The purpose of this study was to investigate the acute effects of BE and HRE on countermovement jump (CMJ) and punch performance in amateur boxers. Additionally, we compared the effects of BE and HRE to determine which type of conditioning exercise yielded greater enhancement for boxers. We hypothesized that 1) both BE and HRE would improve CMJ and rear-hand straight punching performance, and 2) BE would induce a greater PAPE response than HRE.

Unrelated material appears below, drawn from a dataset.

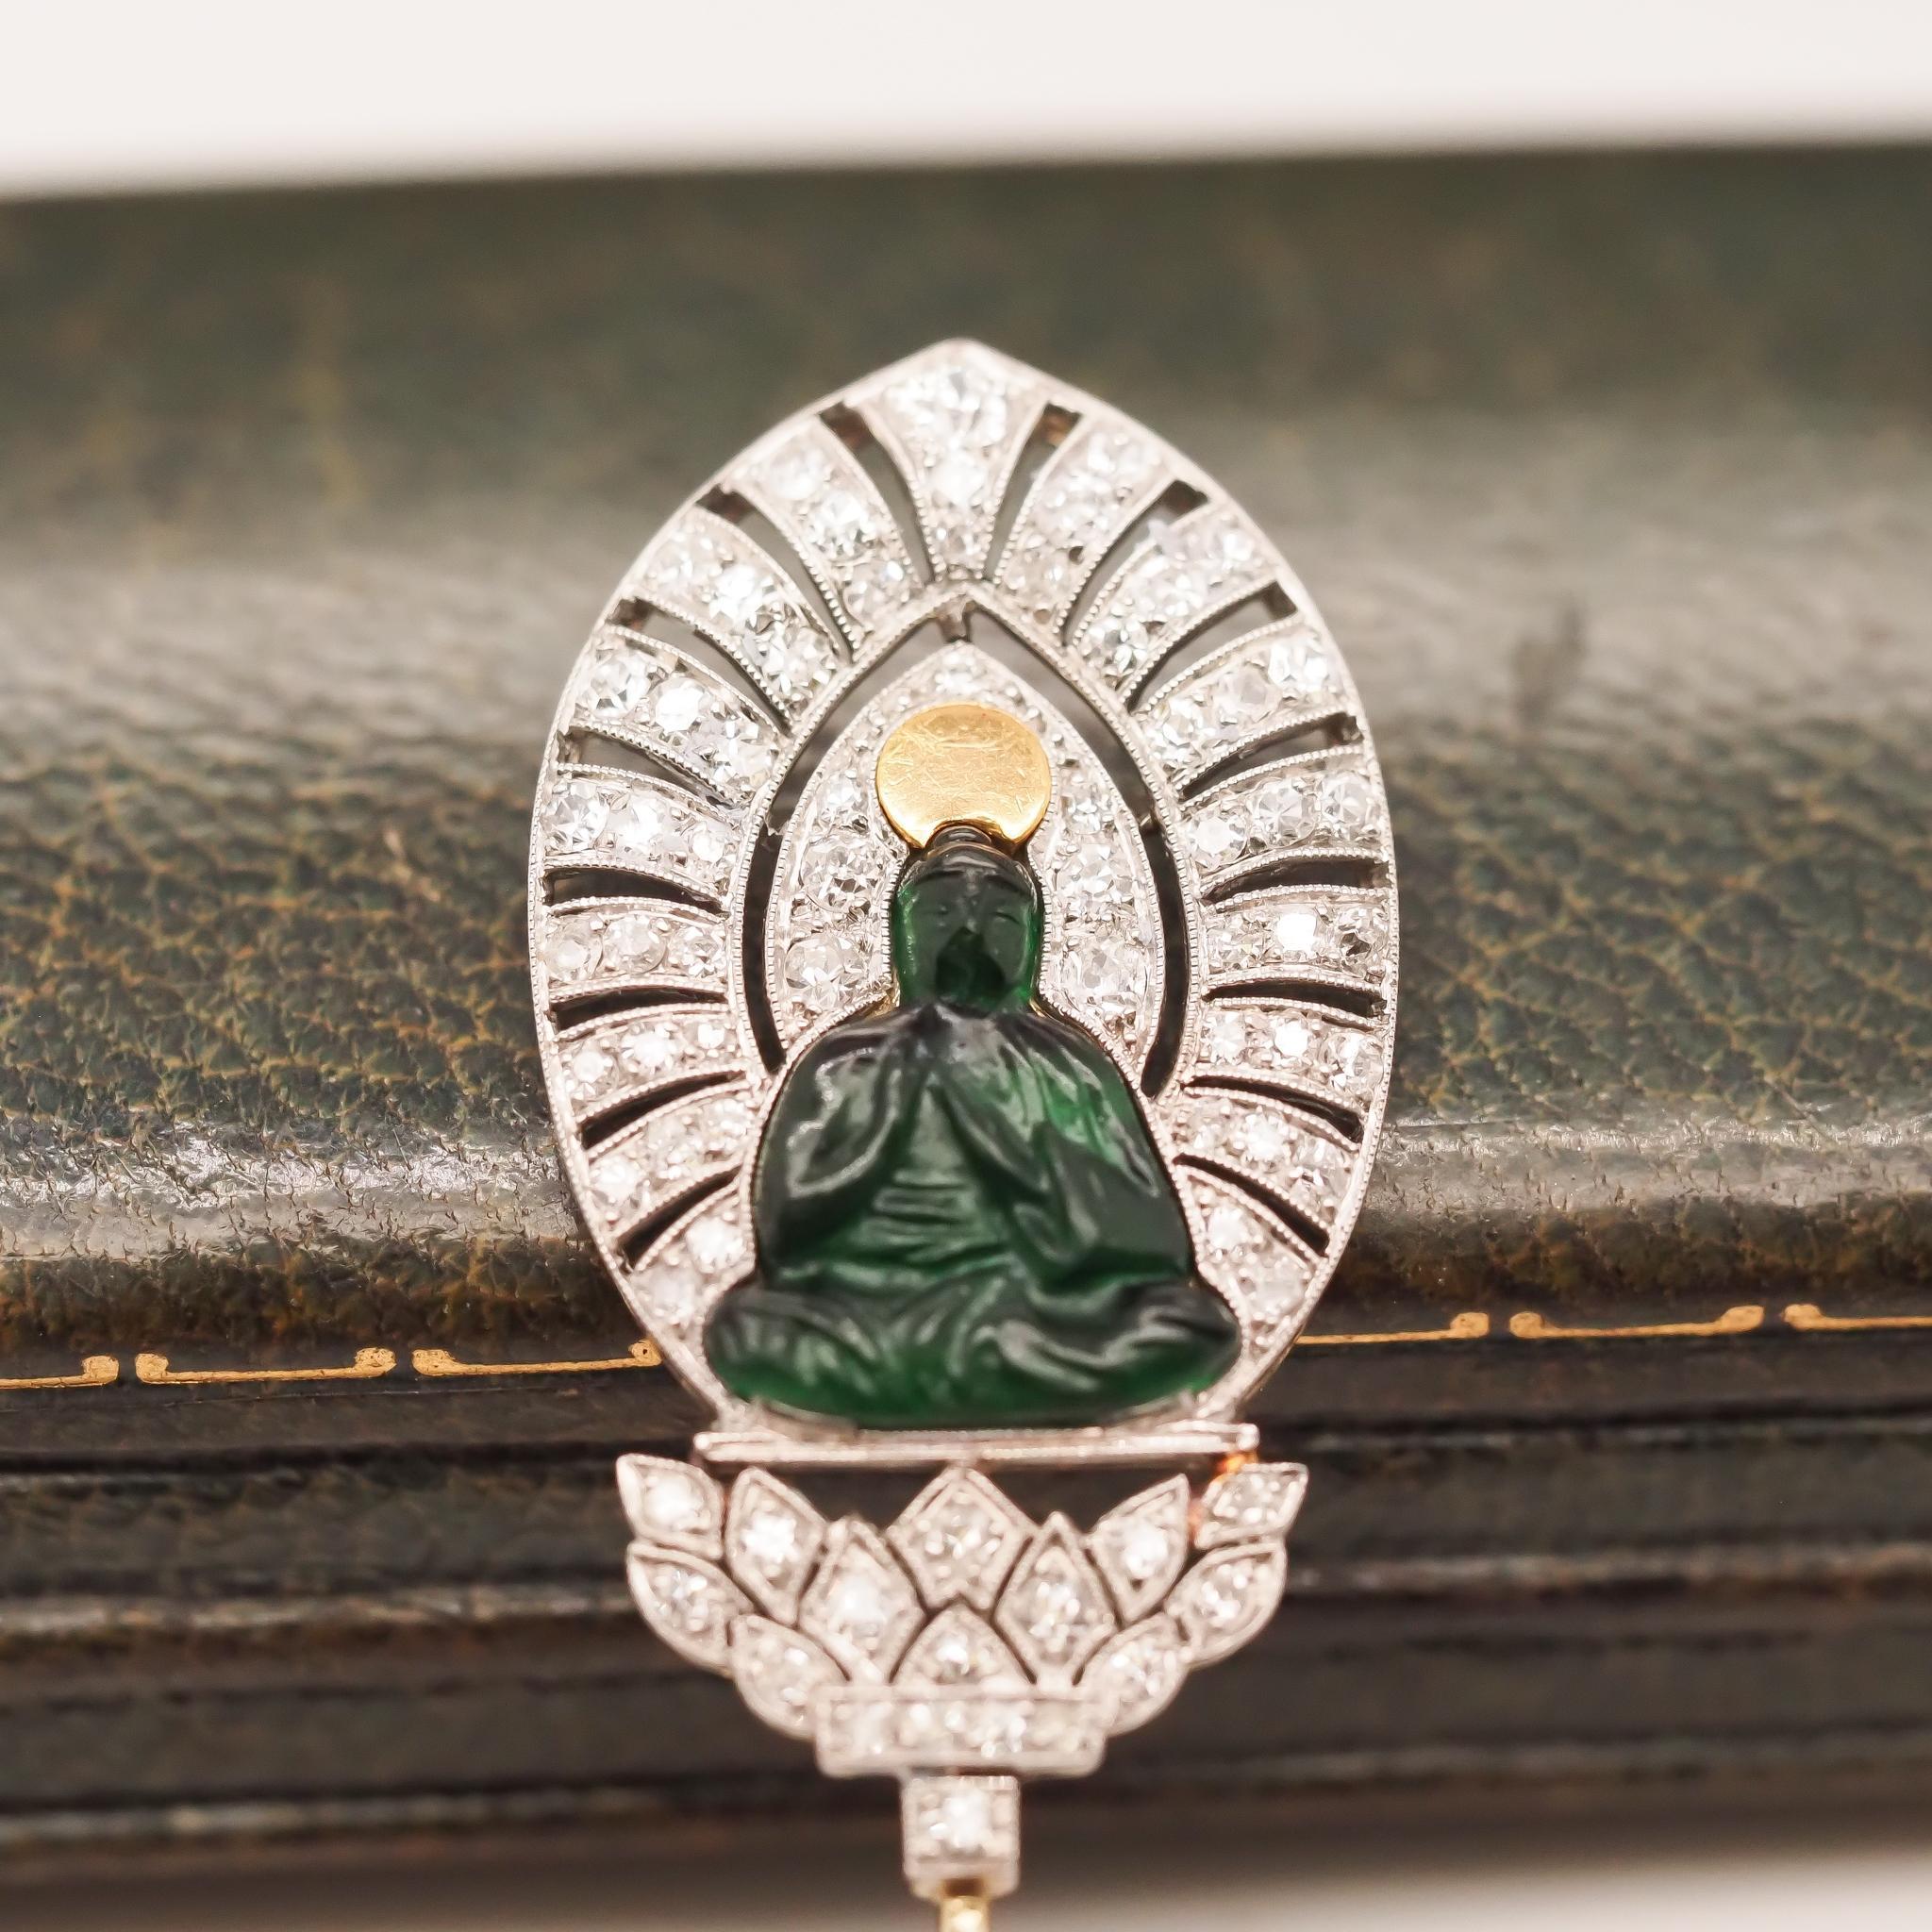 Circa 1900s Theodule Boudier French Jabot Pin with Buddha For Sale 3

Experimental approach to the problem

A within-participant repeated-measures design was adopted because each participant completed one familiarization session and two testing sessions. During the familiarization session, anthropometric, 1 repetition maximum (1RM) squats, and medical history were obtained. The familiarization session was conducted at least 96 h before any testing session, and two testing sessions were separated by at least 72 h [18]. Each participant completed two testing sessions at the same time of day (8:00–10:00 a.m.), and in similar ambient conditions (~ 22.5 °C air temperature and ~ 60% of humidity) to avoid any influence of circadian rhythms and diurnal variation [7, 18]. The following two main trials were considered: ballistic exercise (BE) and heavy-resistance exercise (HRE). Our study was conducted based on pre-post testing of jump height (JH), relative maximal force (RMF), relative maximal power (RMP) of CMJ, punch force (PF), and punch speed (PS) of rear-hand straight punch. Additionally, percentage changes were used to quantify the PAPE responses at different time points [21].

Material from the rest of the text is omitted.